Lipid Lowering Therapy After Cardiac Rehabilitation LLT-R-Registry

• Conditions: Lipid Lowering Therapy After Cardiac Rehabilitation

• Registration Number: NCT02749279
• Lead Sponsor: Paracelsus Harz Clinic Bad Suderode.

Brief Summary

The most important drugs for evidence based lipid lowering treatment (LLT) in CHD are statins. All patients with established CHD should be treated with statins irrespective of low density lipoprotein (LDL) cholesterol (LDL-C) levels. The goals of treatment are LDL-C below 1.8 mmol/L (70 mg/dL) or 50% LDL-C reduction when target level cannot be reached. Unfortunately, several patients cannot achieve treatment targets also related to the serious problem of adherence to therapy, which includes also LLT.

Detailed Description

In German rehabilitation clinics the number of patients who has a clear indication for LLT is continuously high since years. Approximately 2,000 patients with cardiac diseases were treated per year per clinic and momentarily approximately three fourth of them have an indication for LLT, mainly patients with CHD. The main length of stay in German rehabilitation clinics is 21 days, which gives the chance and the necessity to optimize LLT, since in approximately 50% of all patients with an indication for LLT treatment targets are not achieved.
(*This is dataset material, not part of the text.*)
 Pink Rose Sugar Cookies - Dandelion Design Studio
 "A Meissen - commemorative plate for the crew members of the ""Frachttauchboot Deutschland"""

After patients will give written informed consent, data will be collected. Here, all relevant baseline parameters (drug treatment, indication for rehabilitation, all clinical diagnoses, age, sex, BMI, echocardiographic parameters such as left ventricular ejection fraction, laboratory parameters corresponding to the recording standard of the clinic, etc.) will be recorded in a central database (online-CRF). Furthermore, as the main topic of interest of the study, LLT at baseline, LLT during the rehabilitation phase, and LLT treatment at discharge including the recommendation given for the home physicians regarding LLT in the discharge letter will be collected. Here, according to the AHA/ACC Guideline (9) LLT will be stratified in low-intensity statin therapy (Simvastatin 10mg, Pravastatin 10-20mg, Lovastatin 20mg, Fluvastatin 20-40mg), moderate-intensity statin therapy (Atorvastatin 10-20mg, Rosuvastatin 5-10mg, Simvastatin 20-40mg, Pravastatin 40-80mg, Lovastatin 40mg, Fluvastatin 80mg) and high-intensity statin therapy (Atorvastatin 40-80mg, Rosuvastatin 20-40mg). Furthermore, data on other lipid lowering drugs such as cholesterol resorption inhibitors, fibrates and PCSK-9 inhibitors will be collected. Adverse events related to drug therapy will be further collected and submitted to the German health authorities. Furthermore, serious adverse events (SAE), for drugs manufactured by Sanofi-Aventis, Zentiva or Genzyme, will be submitted to Sanofi-Aventis.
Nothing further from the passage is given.